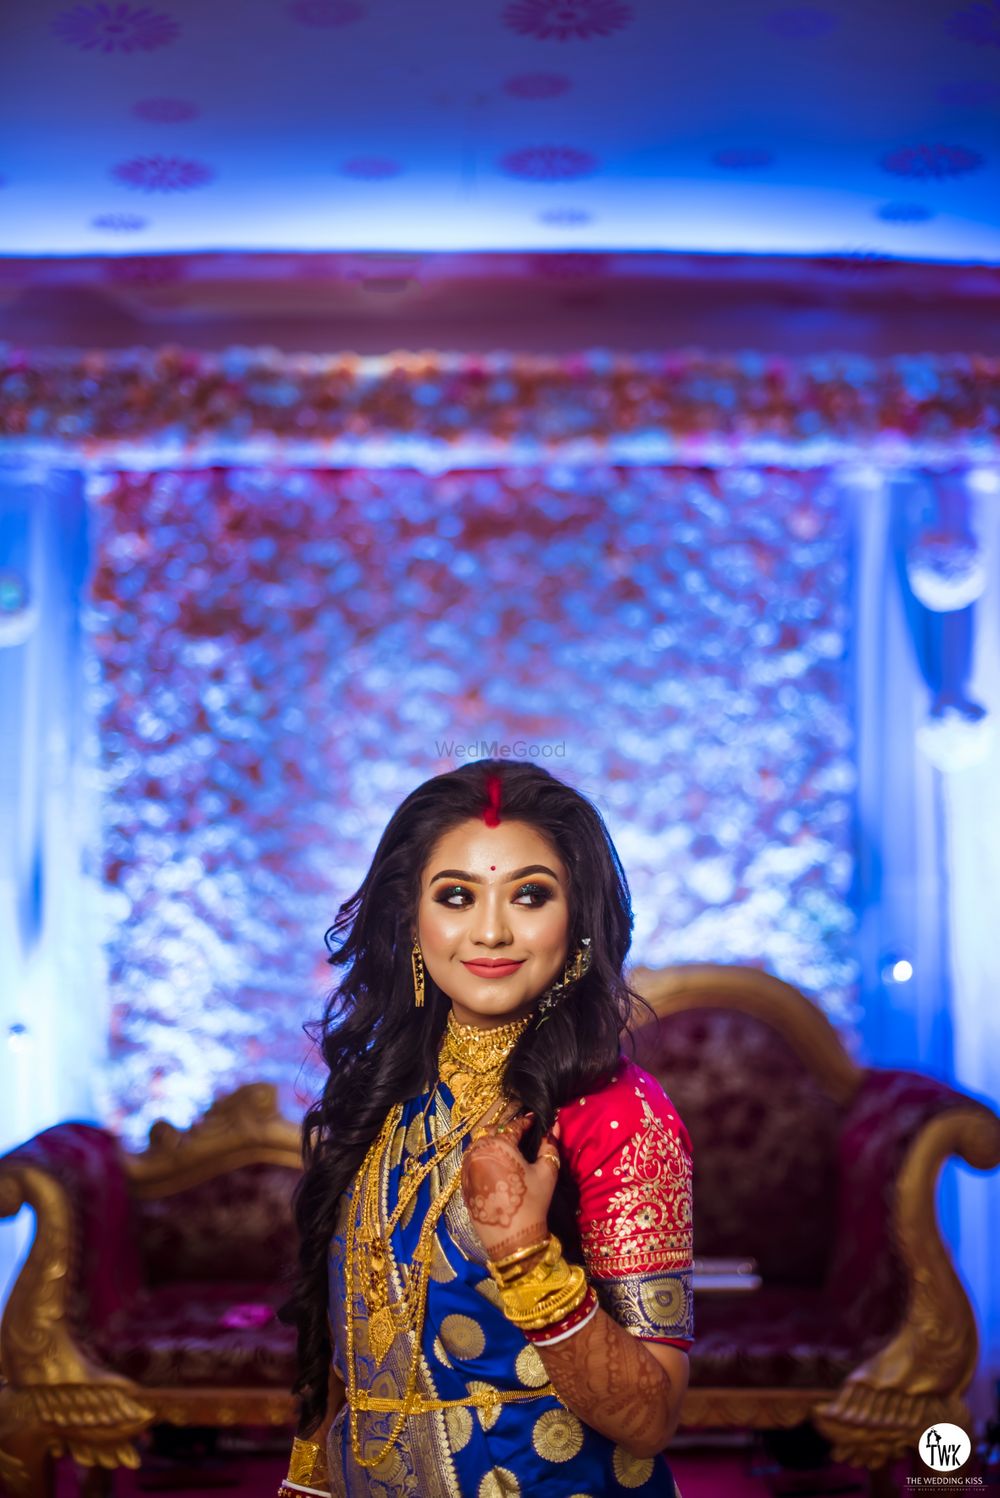 Photo From Arghya & Priyanka - A Bengali Wedding - By The Wedding Kiss
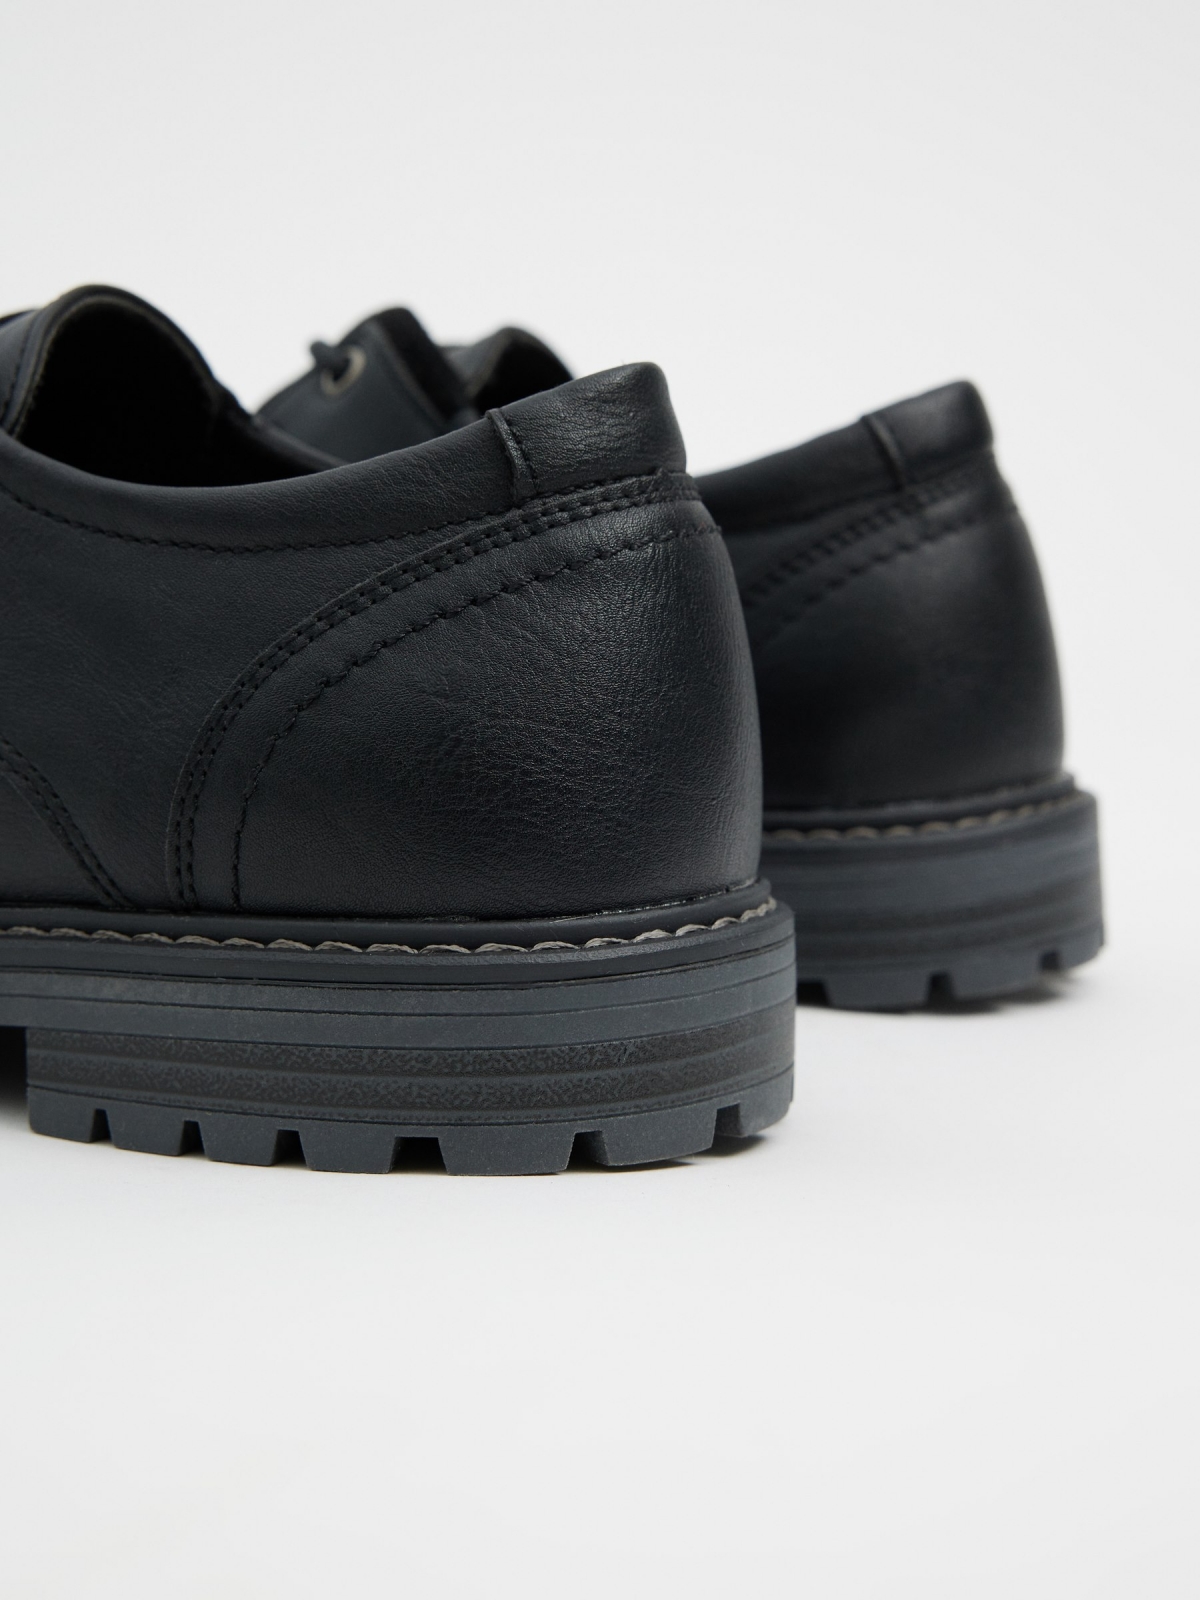 Black leather effect shoe black detail view
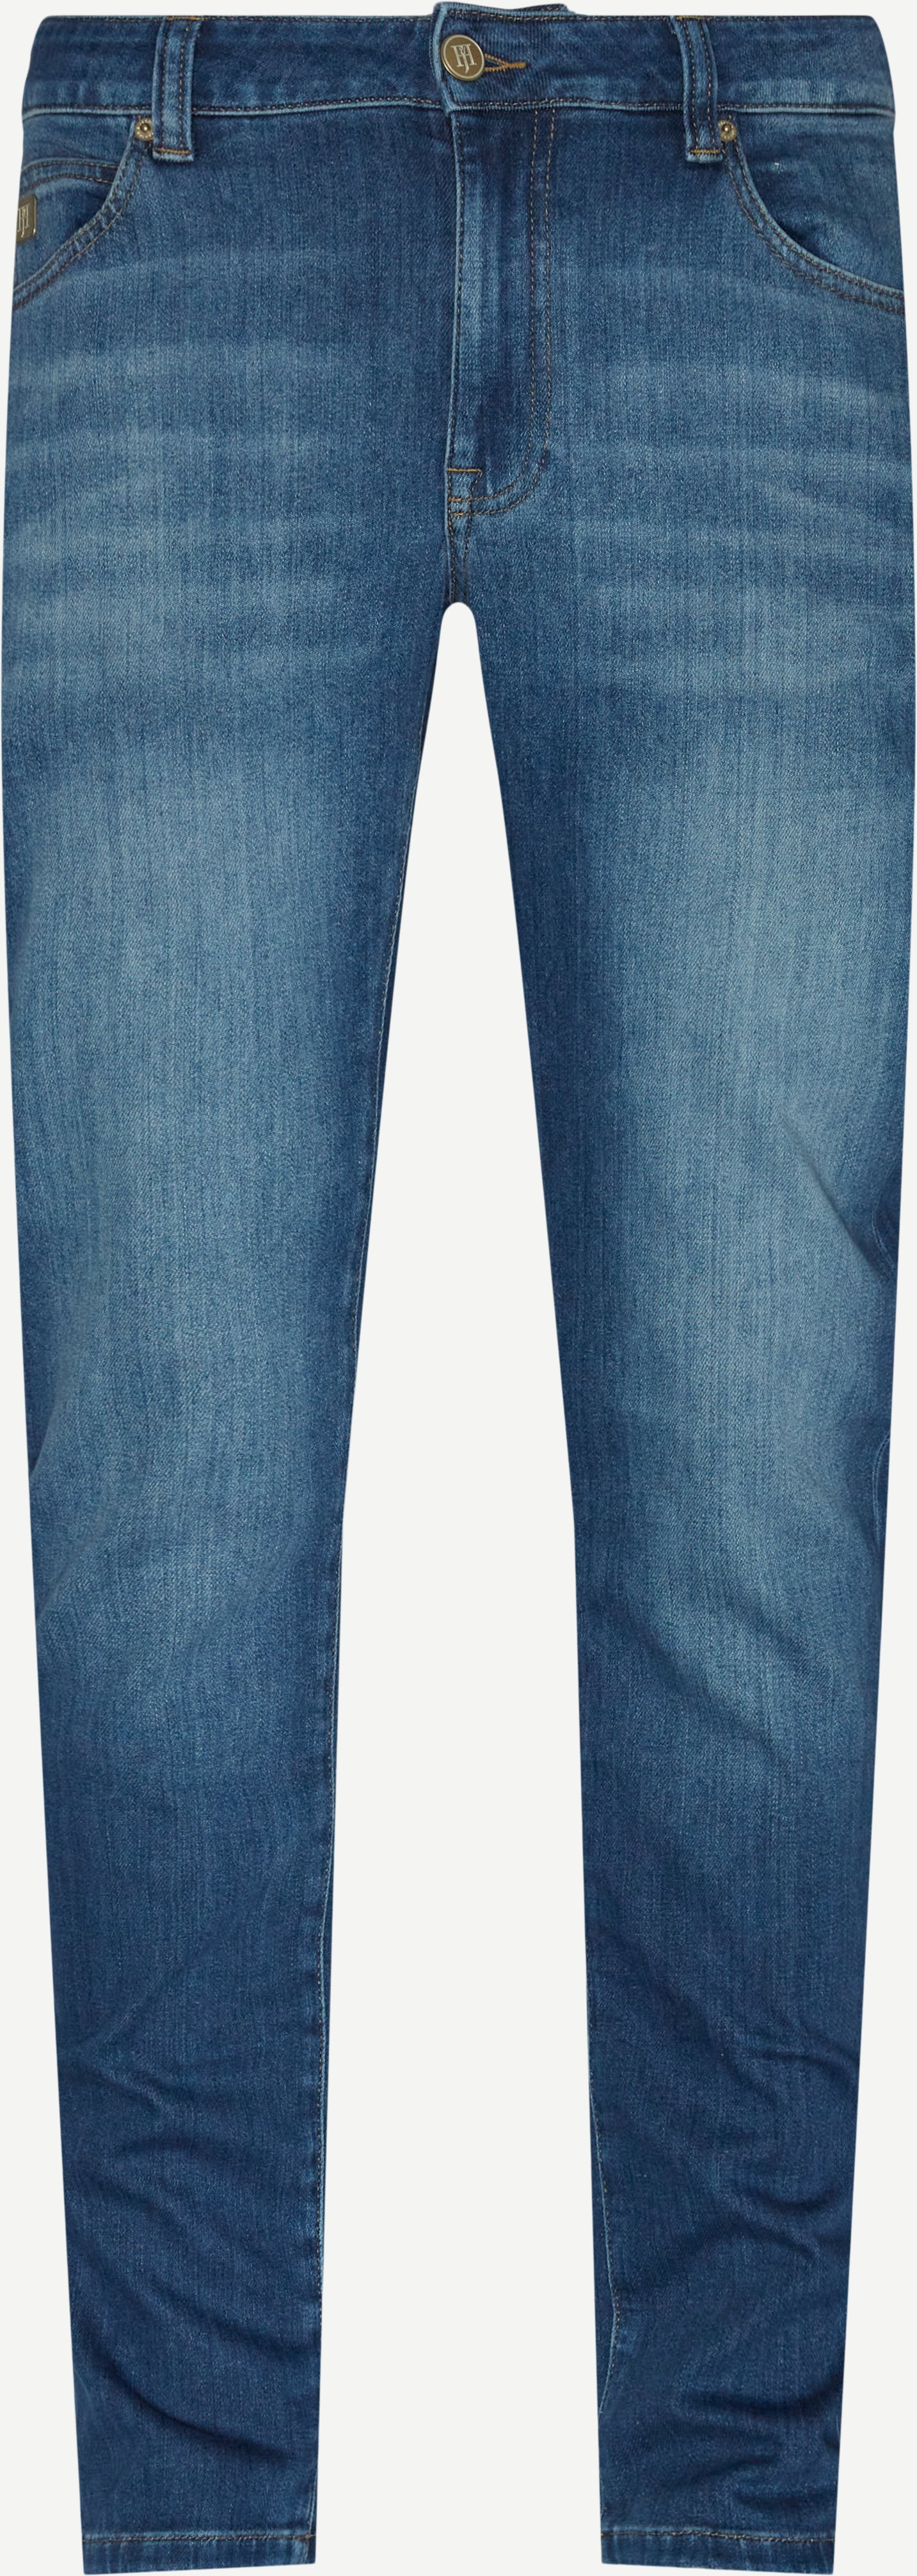 06529 Cape Town Silk Touch Jeans - Jeans - Regular fit - Denim
......
▶ **Try it**:
Output only these lines, word for word: the line containing "Black leather effect shoe black detail view" and every line after it through the last line of the data. Omit the pictures.

▶ **Completed exercise**:
 Black leather effect shoe black detail view
 06529 Cape Town Silk Touch Jeans - Jeans - Regular fit - Denim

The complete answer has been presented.